Il Signore ha scelto Sion per sua dimora

Il Re Davide (miniatura, dal Salterio di Egberto)

 

LETTURA – 2 Samuele 6,12b-22 (Davide si umilia davanti all’arca di Dio): 12Davide andò e fece salire l’arca di Dio dalla casa di Obed-Edom alla Città di Davide, con gioia. 13Quando quelli che portavano l’arca del Signore ebbero fatto sei passi, egli immolò un giovenco e un ariete grasso. 14Davide danzava con tutte le forze davanti al Signore.
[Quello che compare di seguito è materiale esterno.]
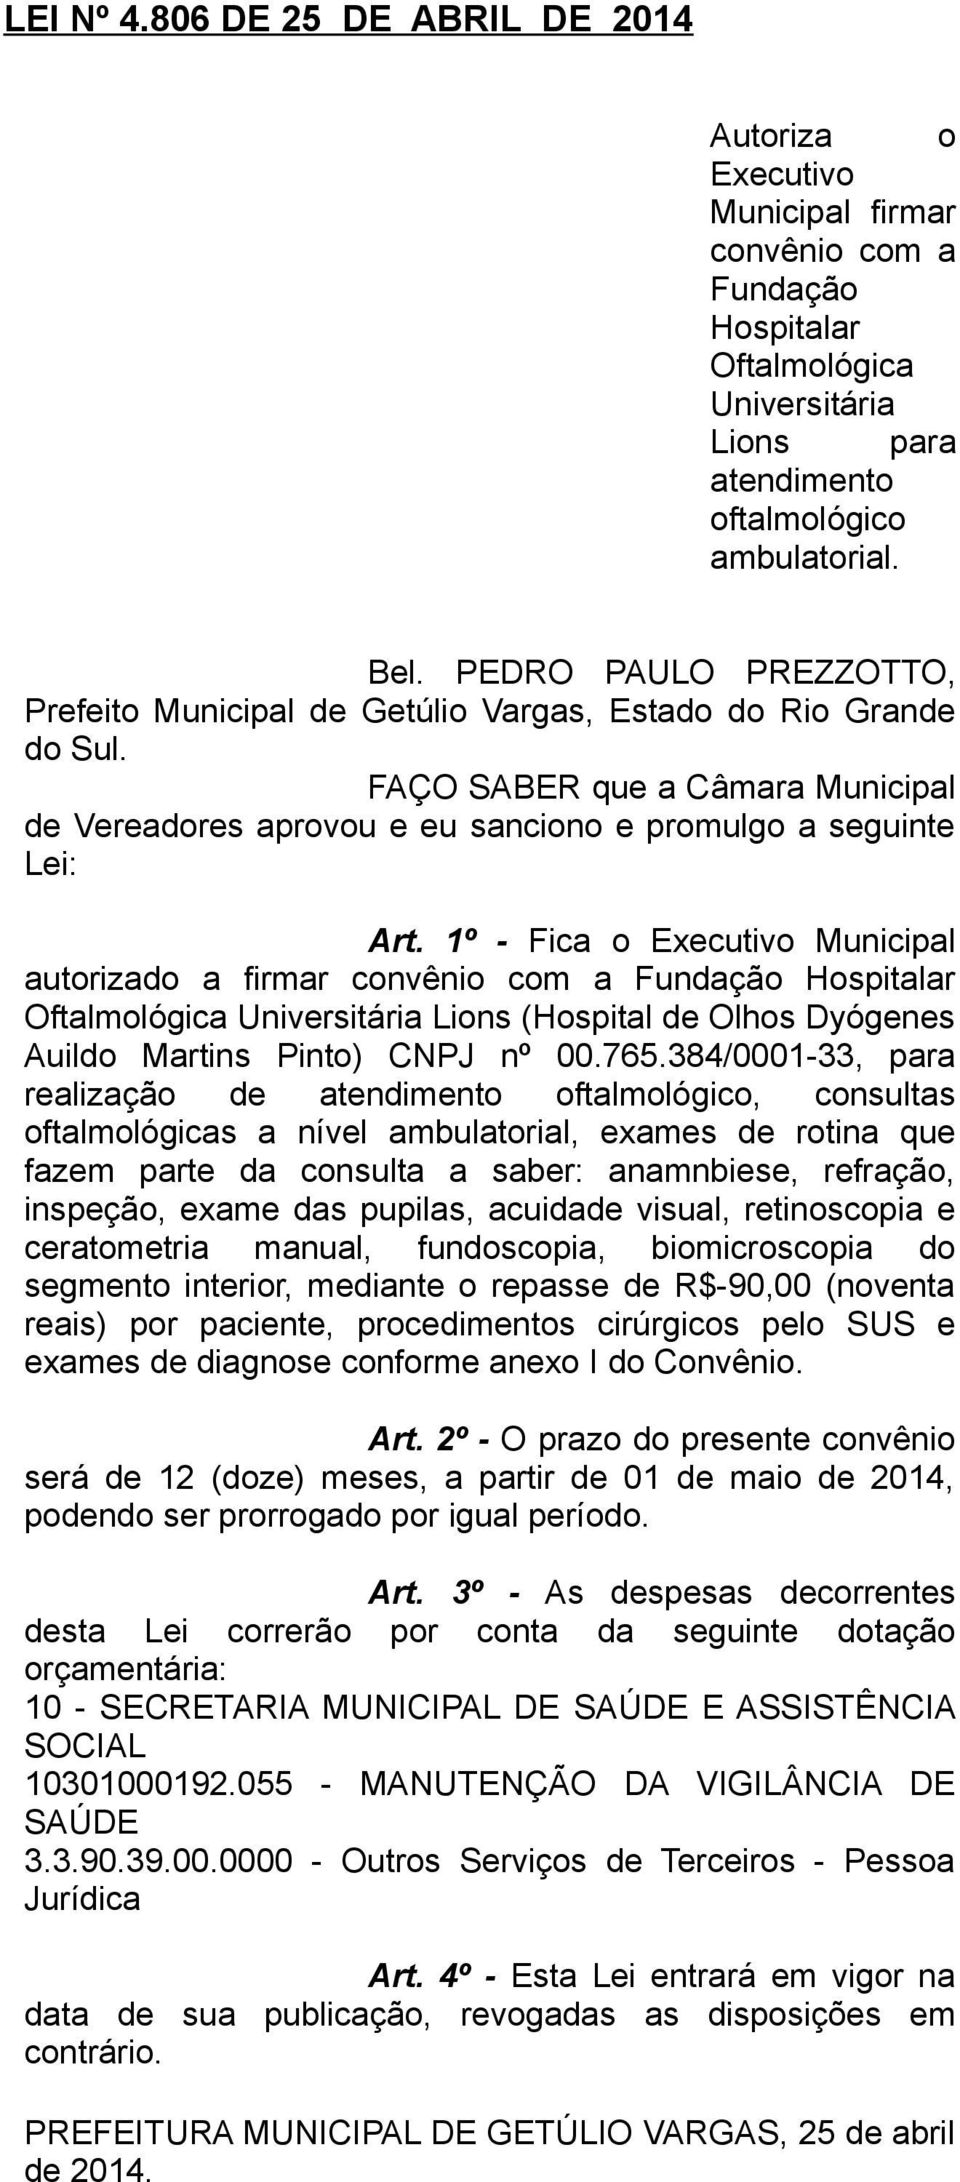 1º - Fica o Executivo Municipal autorizado a firmar convênio com a Fundação Hospitalar Oftalmológica Universitária Lions (Hospital de Olhos Dyógenes Auildo Martins Pinto) CNPJ nº 00.765.

Davide era cinto di un efod di lino. 15Così Davide e tutta la casa d’Israele facevano salire l’arca del Signore con grida e al suono del corno. 16Quando l’arca del Signore entrò nella Città di Davide, Mical, figlia di Saul, guardando dalla finestra vide il re Davide che saltava e danzava dinanzi al Signore e lo disprezzò in cuor suo. 17Introdussero dunque l’arca del Signore e la collocarono al suo posto, al centro della tenda che Davide aveva piantato per essa; Davide offrì olocausti e sacrifici di comunione davanti al Signore. 18Quando ebbe finito di offrire gli olocausti e i sacrifici di comunione, Davide benedisse il popolo nel nome del Signore degli eserciti 19e distribuì a tutto il popolo, a tutta la moltitudine d’Israele, uomini e donne, una focaccia di pane per ognuno, una porzione di carne arrostita e una schiacciata di uva passa. Poi tutto il popolo se ne andò, ciascuno a casa sua. 20Davide tornò per benedire la sua famiglia; gli uscì incontro Mical, figlia di Saul, e gli disse: «Bell’onore si è fatto oggi il re d’Israele scoprendosi davanti agli occhi delle serve dei suoi servi, come si scoprirebbe davvero un uomo da nulla!». 21Davide rispose a Mical: «L’ho fatto dinanzi al Signore, che mi ha scelto invece di tuo padre e di tutta la sua casa per stabilirmi capo sul popolo del Signore, su Israele; ho danzato davanti al Signore. 22Anzi mi abbasserò anche più di così e mi renderò vile ai tuoi occhi, ma presso quelle serve di cui tu parli, proprio presso di loro, io sarò onorato!».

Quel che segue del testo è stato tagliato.